By monitoring, we mean 'health and performance' monitoring of infrastructure and platforms. Our service provides the traditional statistical information: CPU utilization, disk I/O, network traffic, etc. This begs the question, "why does the world need yet-another monitoring solution?" Quite frankly, we were surprised that there weren't better options available on the market. So, once again, we started from scratch with a new design center:
1. Make it massively scalable and highly available
Some of our customers currently have 1,000's of virtualized work loads operating and it is clear that the next generation service providers will have 10's of thousands running. Our design needed to easily scale itself from both a data collection perspective and burst storage. We bit the bullet and designed a solution from scratch to use Apache Cassandra at the core. This enabled us to leverage it's built-in cross-data center peer replication schemes and dynamic partitioning. In addition, Cassandra was a good fit for us because it was designed to accept very fast (stream oriented) writes of data.

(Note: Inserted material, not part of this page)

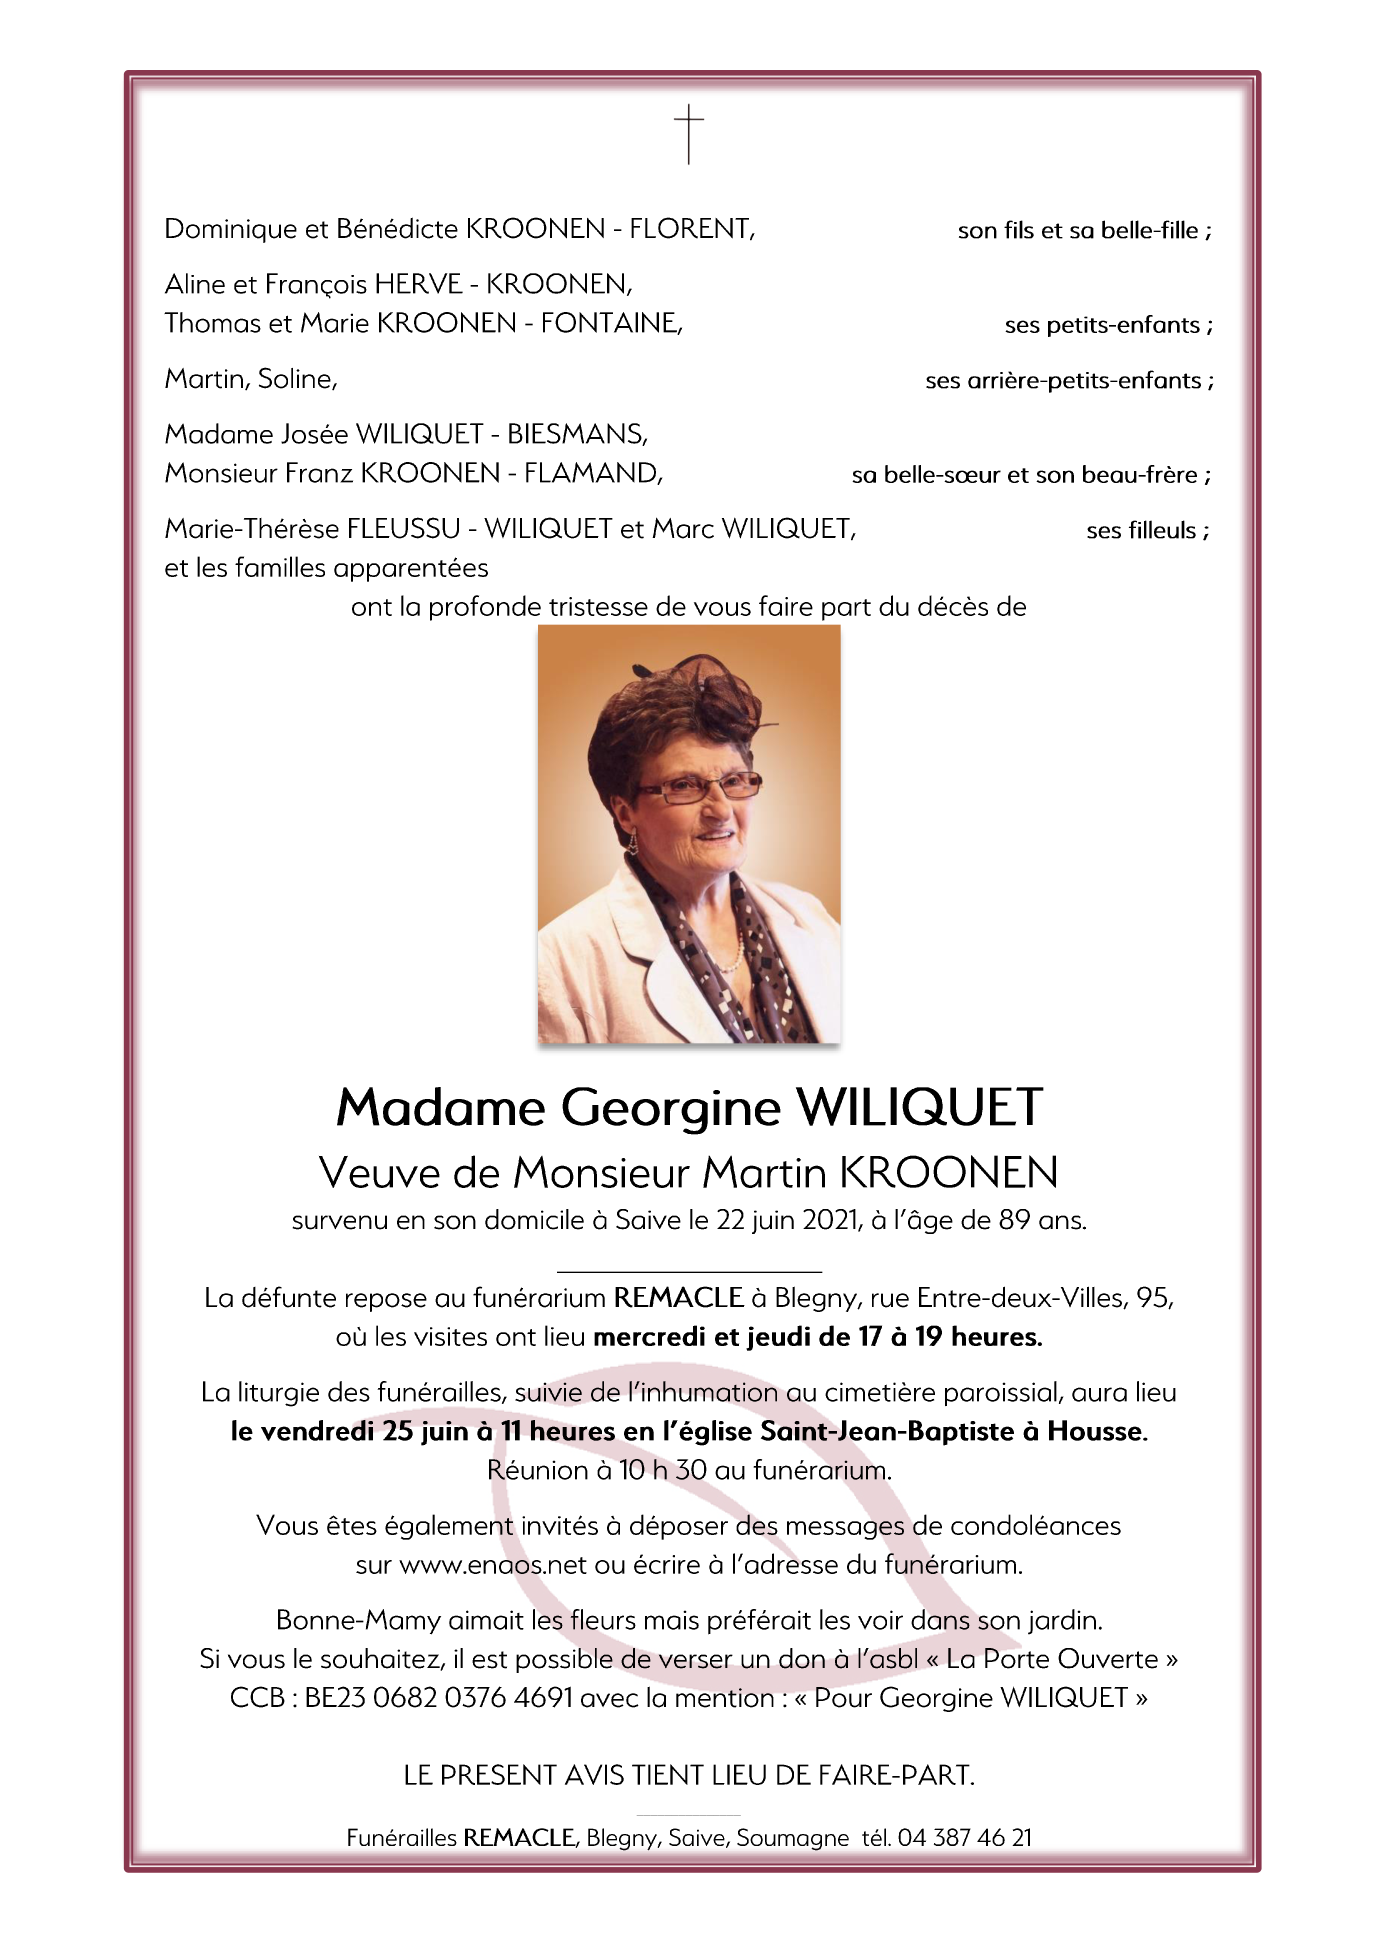 Death of Madame Georgine WILIQUET (22/06/2021), Annonce nécrologique

2. The monitors should be non-invasive and agent free
Being non-invasive is always a good goal; it makes it easier to collect data on targets without having to install additional software on the machine (which can be a real problem when you already have lots of machines running in production). Knock-on-wood, but so far, we've been able to deliver all of our monitors completely out-of-band. No need to install Ganglia, collectD, etc. on hundreds/thousands of boxes...
3. The monitors should support a standard, service oriented API
In building our early private clouds, we were surprised to see that most of the system monitoring tools were "closed" systems. They collected the data but didn't make it easily available to other systems; they were designed to deliver the information to humans in HTML. This was a non-starter for us since the new world is about achieving higher levels of system automation (not human tasking). Naturally, we went with the de facto standard Amazon Web Services and the CloudWatch API. Our solution delivers full compatibility with CloudWatch from a WSDL, AWS Query and command line perspective. This makes it real easy for the monitoring data to be consumed by other services like Auto Scale.
4. Use a consistent model for IaaS and PaaS
By supporting the AWS service interface model, we inherited this feature. Just as CloudWatch monitors services like their Elastic Load Balancer and Relational Data Services, we'll be providing similar support for internal PaaS platforms.
We believe that we have achieved all of our design goals. The Tough Cloud Monitor is available today for traditional data centers, private clouds or service providers.